Güncelleme Tarihi:
Önlerine çıkan engelleri hızlı, kıvrak ve görselliği zengin hareketlerle aşan parkour sporcuları, başkent caddelerinde adeta yer çekimine meydan okuyor. Toplu taşıma araçları, otomobiller, yürüyen merdivenler, metro girişleri gibi yerlerde, garip bakışlara rağmen hünerlerini sergileyen gençler, betonlaşan, giderek kalabalıklaşan kentlerin çaldığı hareket kabiliyetini geri kazanırcasına, özgürce hareket ediyor. Parkour sporcusu Semih Çetintaş, şehrin kendileri için bir parkur olduğunu belirterek, “Asansöre binmek yerine merdiven çıkıyor, düz yoldan gitmek yerine duvarları takla atarak aşmayı tercih ediyoruz. Serbest koşu, bana şehrin bir parkur olduğunu gösterdi. Bazı sporlar gibi izole edilmiş spor salonlarına gitmeye gerek yok. Parkour da şehrin her yerinde spor yapabilirsin” diye konuştu.
İKİ KİŞİ BAŞLADILAR
Amaçlarının, şehrin, insanların önüne koyduğu ve hareket alanlarını ortadan kaldıran engellere meydan okumak olduğunu anlatan Çetintaş, “Bu spora 2 kişi ile başladık. Daha önceleri ben jimnastikle uğraşıyordum. Salonlarda çalışma imkanım olmadığı için akrobasi hareketlerini sokaklarda yapmaya başladım. Sokaklarda yapılan bu akrobasi hareketlerinin bir spor olduğunu öğrendim. Türkiye’de yeni yeni gelişmeye başlayan bir spor. İnsanlar tanımıyor. Bunu tanıtmaya çalışıyoruz” ifadesini kullandı.

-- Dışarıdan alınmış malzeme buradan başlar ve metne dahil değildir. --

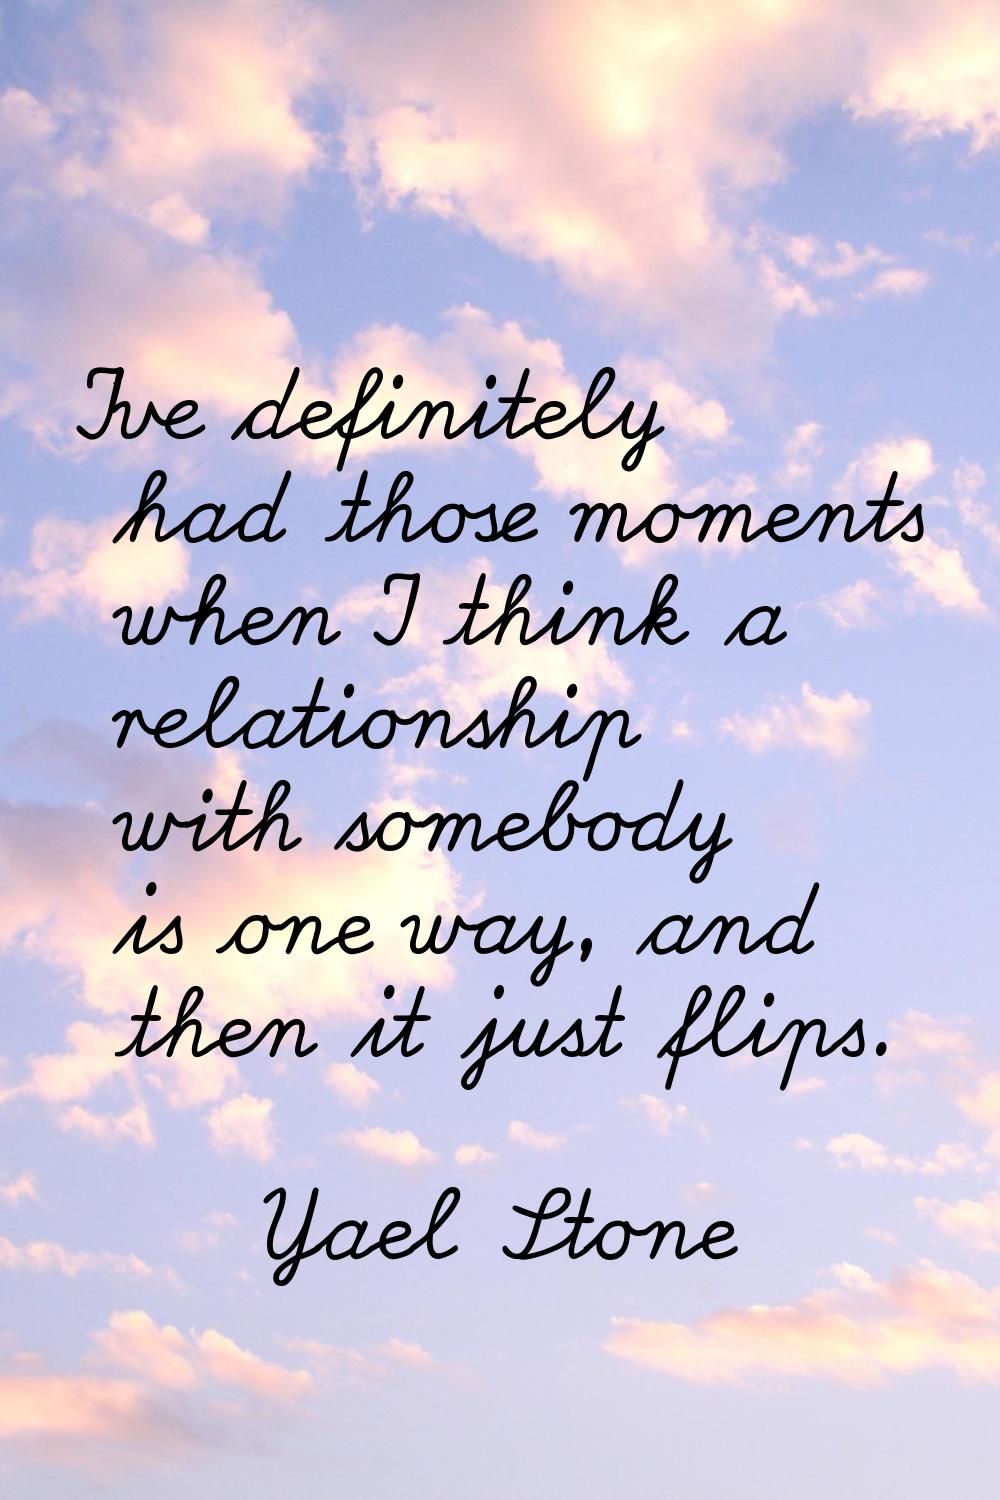 I've definitely had those moments when I think a relationship with somebody is one way, and then it

BİLMEYENLER TEPKİ GÖSTERİYOR
Parkour sporunun Türkiye’de pek tanınmadığını kaydeden Çetintaş, “Bu sporu yaptığımızda insanlar bilmedikleri için aşırı tepki gösteriyorlar. Ne yaptığımızı hatta intihar etmeye kalkıştığımızı sananlar bile oluyor. Fakat biz elimizden geldiğince tanıtmaya çalışıyoruz” şeklinde konuştu. Spor yaparken zaman zaman kazalar da geçirdiklerini belirten İsmail Yunus Çuhadar ise şöyle devam etti:
“Bu işi yaparken asıl amacımız en az sakatlık oranını ortaya koymaktır. Zaten bir insan yolda yürürken de ayağı sakatlanabilir. Fakat tekniğini bilerek atladığınızda veya düştüğünüzde bu sizin kimi yerde hayatınızı bile kurtarabiliyor. Hepimiz küçüklüğümüzden beri her yerden atlar zıplardık ama adını bilmezdik, aslında o da bir parkurdu.” Ankara Kalesi, Kızılay ve Hamamönü’nde antreman yaptıklarını sözlerine ekleyen Çuhadar, engellerin ve duvarların çok olduğu yerleri daha çok tercih ettiklerini de sözlerine ekledi.